START DATA EXTRACT

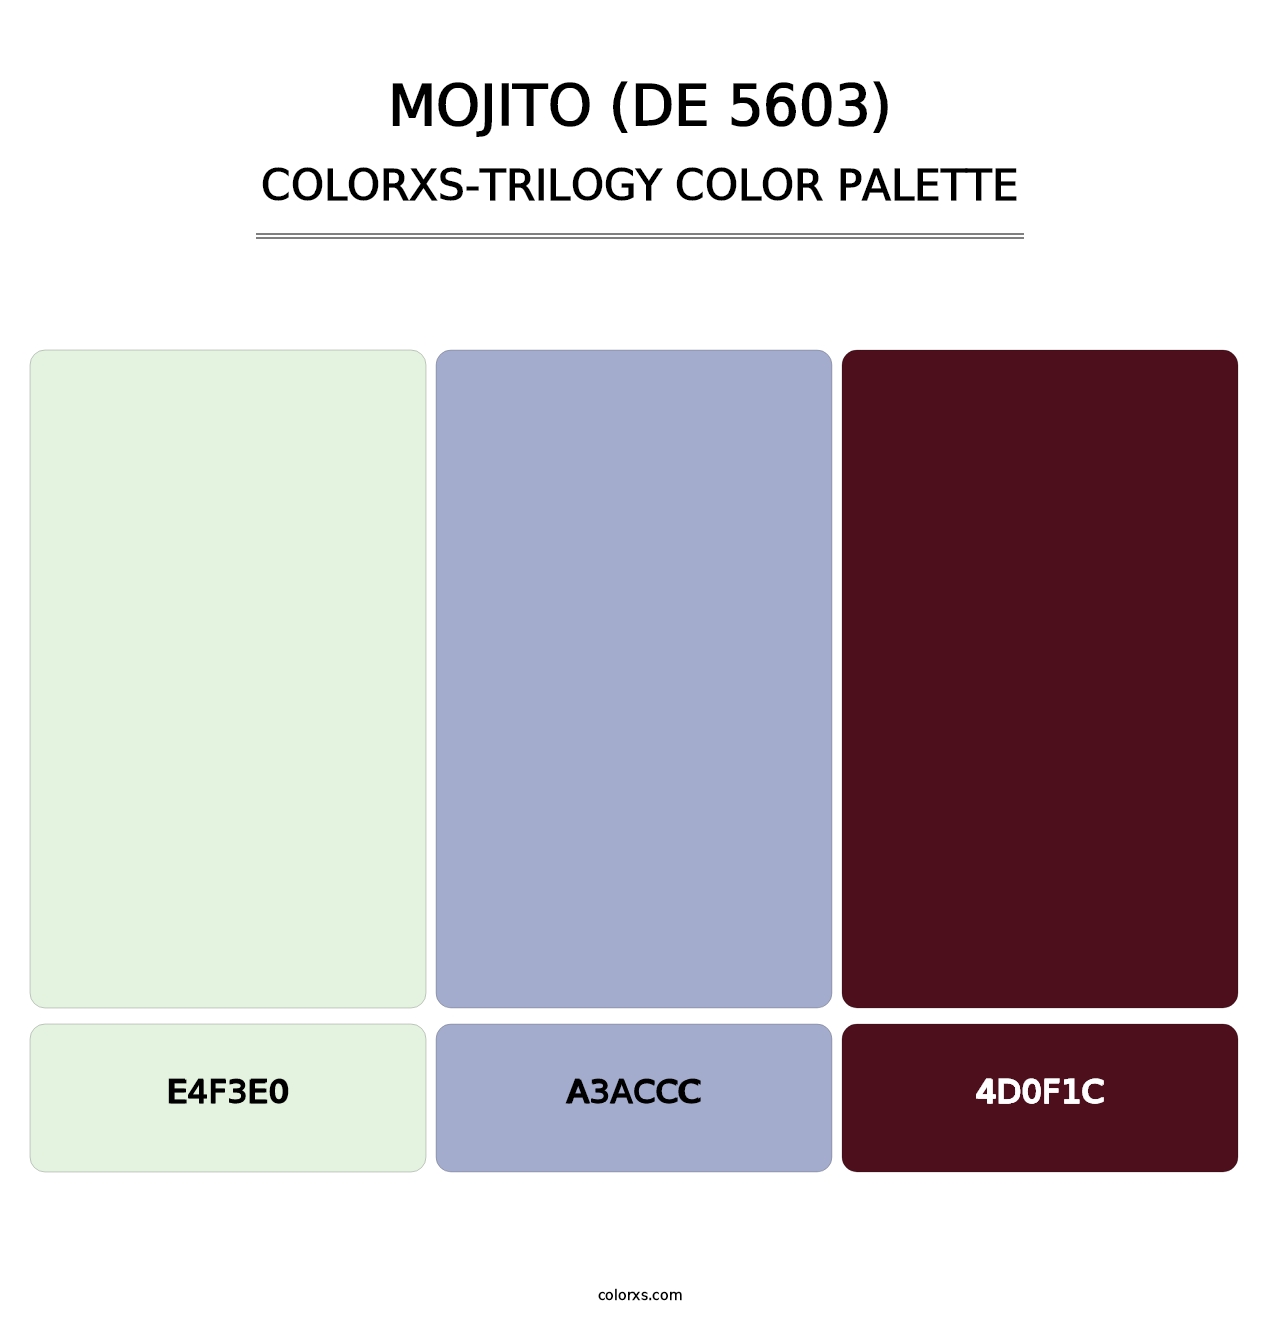 Mojito (DE 5603) - Colorxs Trilogy Palette
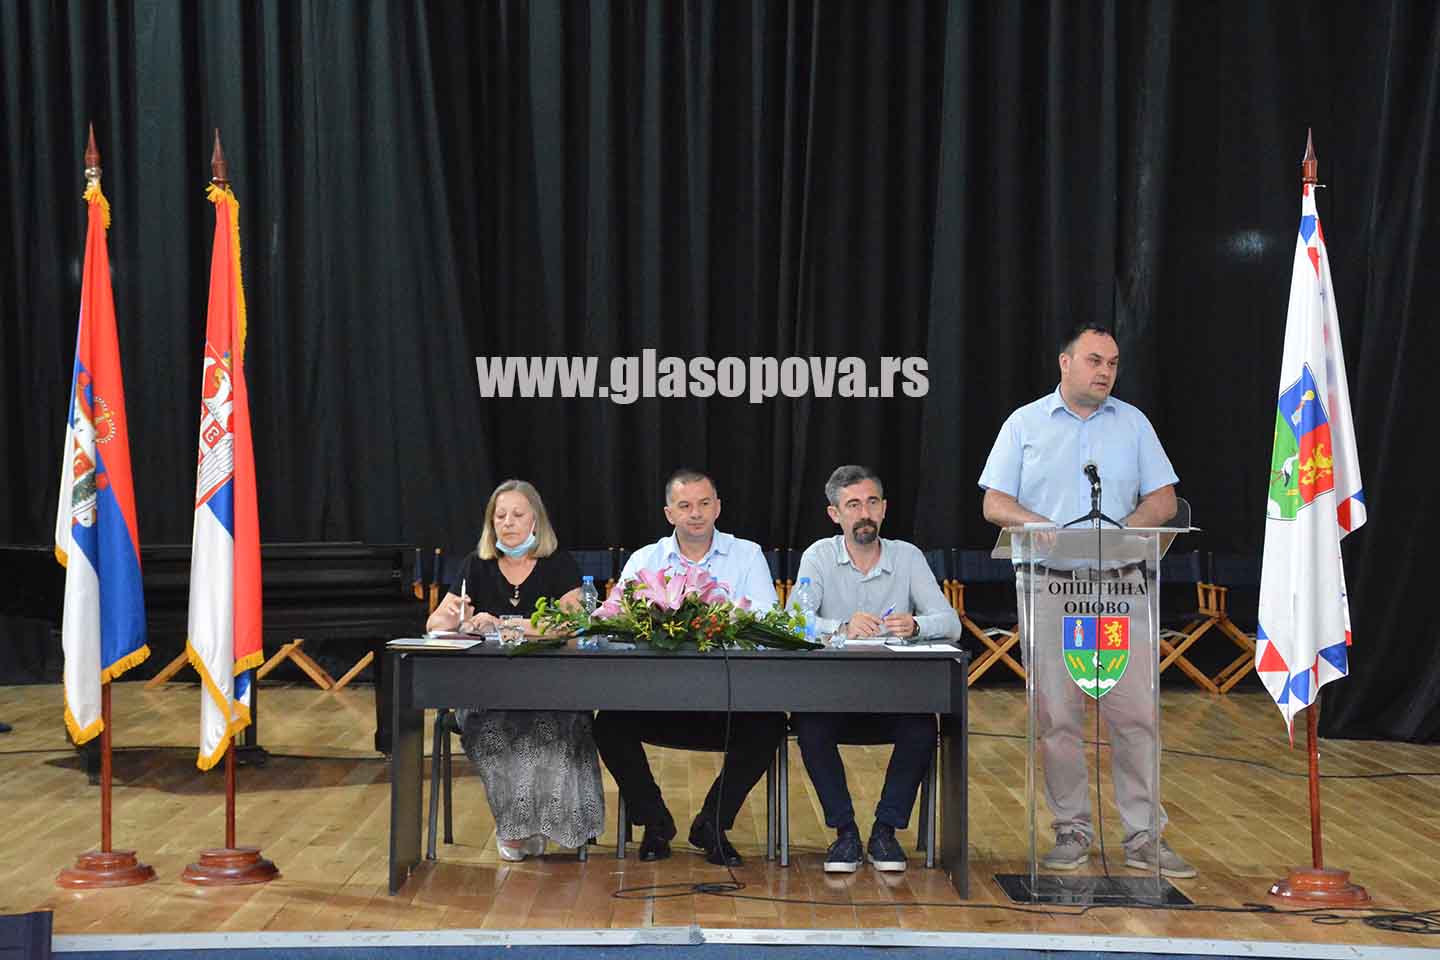 Skupština opštine Opovo: Aleksandar Veselinov izabran za većnika, Jelena Petrović postavljena za sekretara Skupštine
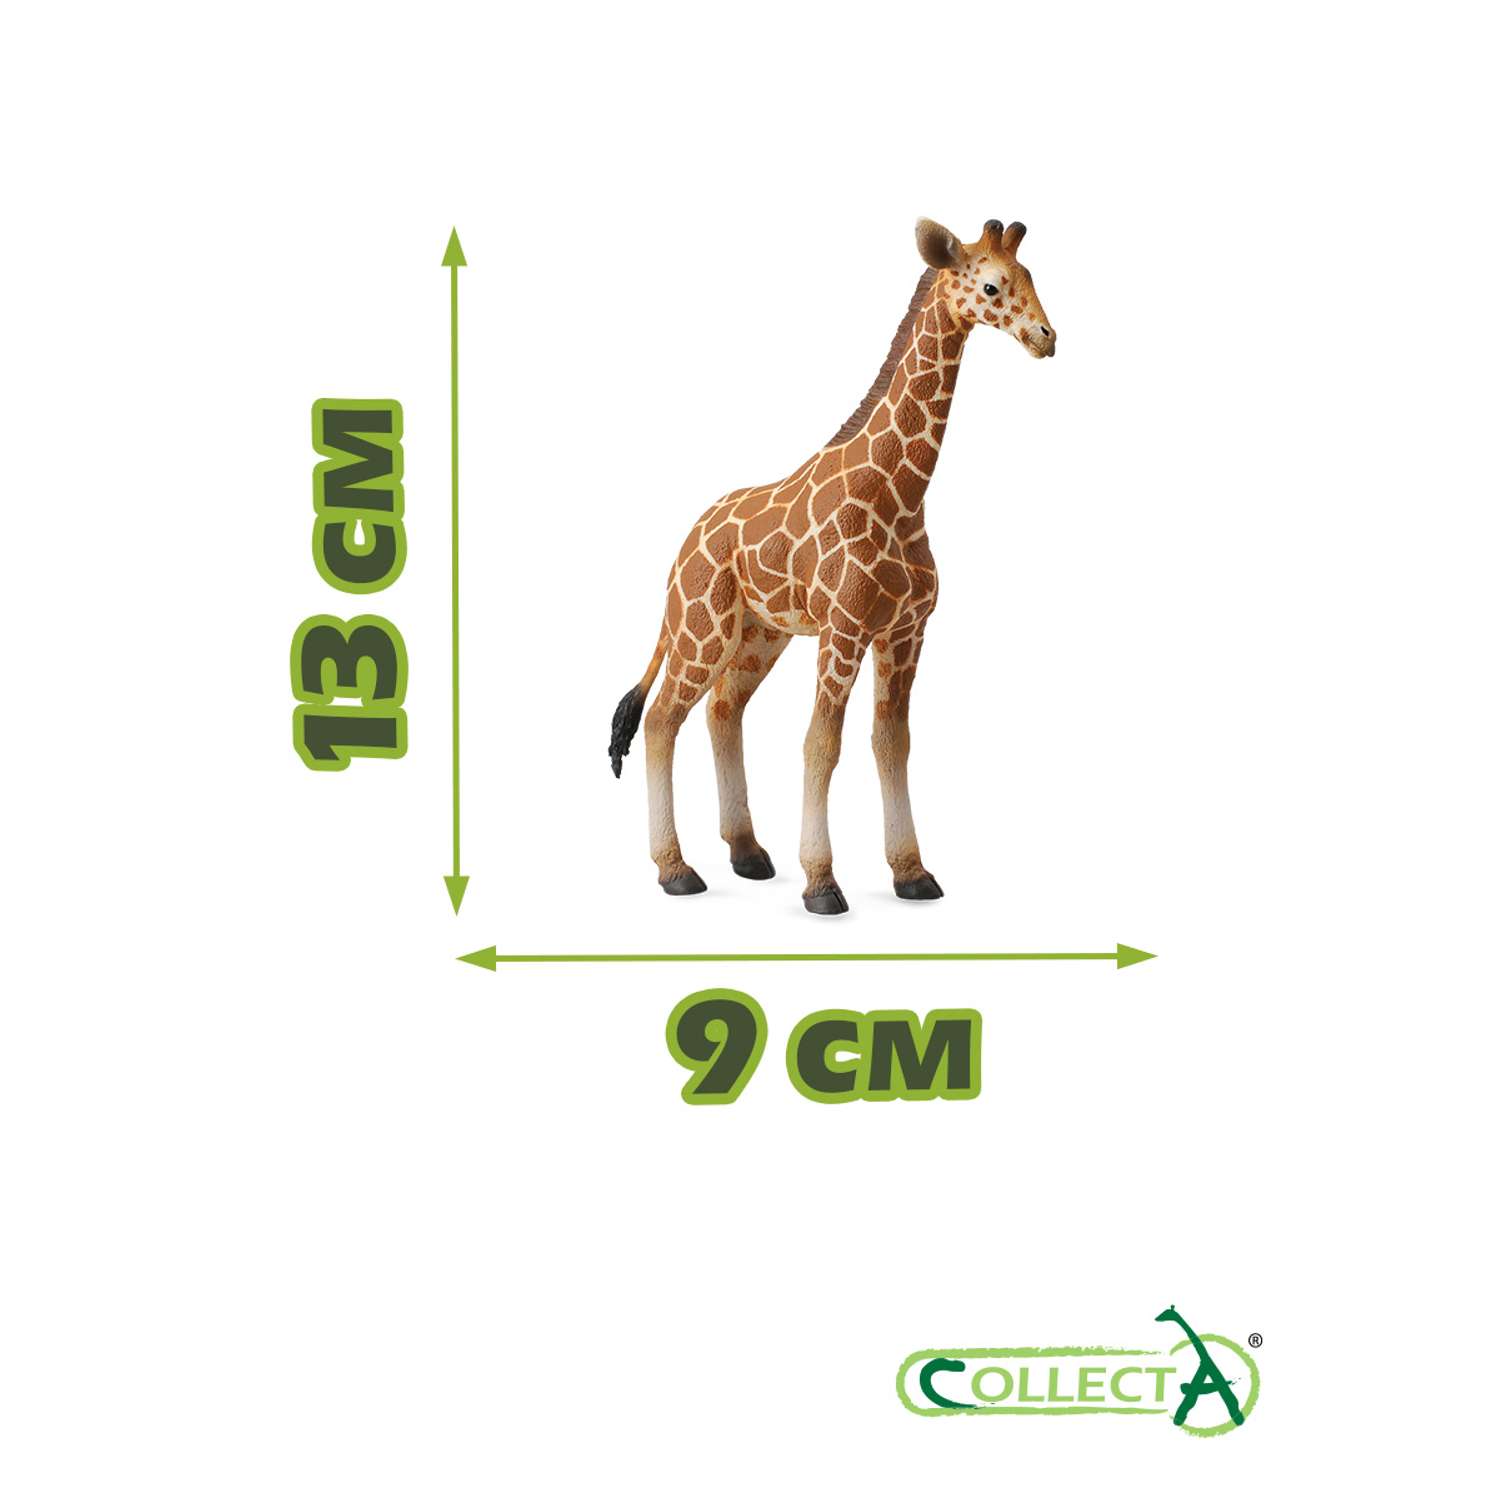 Фигурка животного Collecta Жеребенок Сетчатого Жирафа - фото 2

END DATA EXTRACT

_EXERCISE REQUIREMENTS_. Could you give the material above again, exactly and without its pictures?

_ANSWER SPACE_.
 Mojito (DE 5603) - Colorxs Trilogy Palette
 Skupština opštine Opovo: Aleksandar Veselinov izabran za većnika, Jelena Petrović postavljena za sekretara Skupštine
 Фигурка животного Collecta Жеребенок Сетчатого Жирафа - фото 2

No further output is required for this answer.